Ilyash told CPJ that during the first days of detention, Andreyeva’s condition worsened. She and 10 others were put in a cell designed for four people, he said, and forbidden to sit or lie down during the day despite being prescribed rest.  

On February 18, 2021, the Frunzienski District Court of Minsk found Andreyeva and Chultsova guilty and sentenced them to two years in prison, according to Viasna, a banned human rights group. On April 23, the Minsk City Court upheld the sentence on appeal.

On April 7, 2022, Ilyash announced on Facebook that his wife had been charged with state treason following an investigation “conducted in complete secrecy,” and that authorities had not disclosed any information about the charge. The charge carries a sentence of up to 15 years in prison, according to Article 356 of the Belarusian criminal code. 

During a closed hearing on July 13, 2022, a court in the southeastern city of Homel convicted Andreyeva of “giving away state secrets,” a form of treason, and sentenced her to an additional eight years in prison, according to media reports and Viasna.

Prior to the treason conviction, she had been scheduled to be released on September 5, 2022, Viasna reported.

On September 20, 2022, the Belarusian Supreme Court upheld Andreyeva’s sentence, Belsat TV reported. The court amended her indictment and replaced “giving away state secrets” with “espionage,” Belsat TV said. 

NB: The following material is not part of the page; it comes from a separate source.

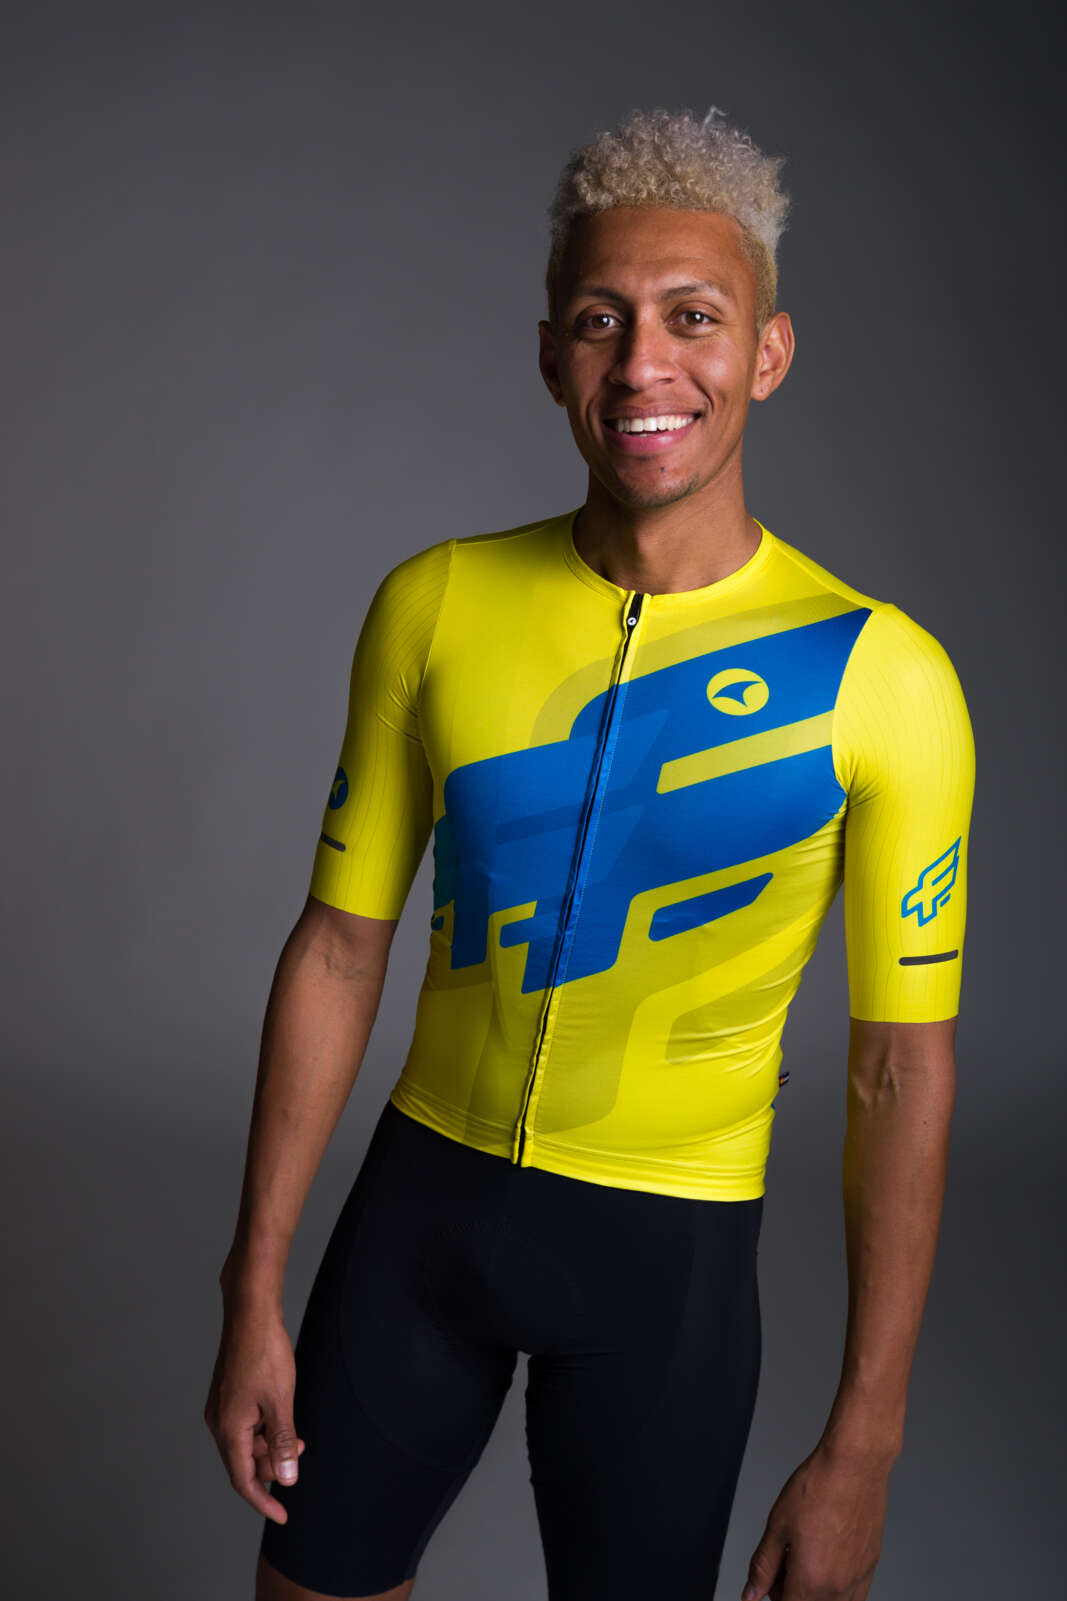 Men's Yellow Aero Cycling Jersey - Flyte Fun Front View

On September 7, 2023, Ilyash wrote on Facebook that he believed the espionage charges stemmed from Andreyeva’s 2017 interview with Sergey Vasiliev, a former agent of the Belarusian State Security Committee (KGB), who was sentenced to 11 years in jail on state treason charges in 2021. Authorities had not officially disclosed any information on the charges as of late 2023, Ilyash told CPJ. 

On October 24, 2022, the Ministry of Interior added Andreyeva to its list of people allegedly involved in extremist activity, media reported. 

Andreyeva is held in Penal Colony No. 4 in Homel, according to Viasna and a Facebook post by Ilyash. 

In October 2023, Ilyash told CPJ via messaging app that he had a four-hour meeting with Andreyeva earlier that month. He said that he was getting letters from her “regularly,” and that she could talk by phone with her relatives “about once a week.” 

“Unfortunately, prison affects my wife’s health: her allergies have worsened, her eyesight and hearing have deteriorated, and she suffers from headaches. She experiences enormous physical and psychological fatigue,” Ilyash said.

In October 2023, CPJ called the Belarusian Ministry of Interior for comment, but nobody answered the phone. CPJ emailed the Belarusian Investigative Committee but did not receive any replies.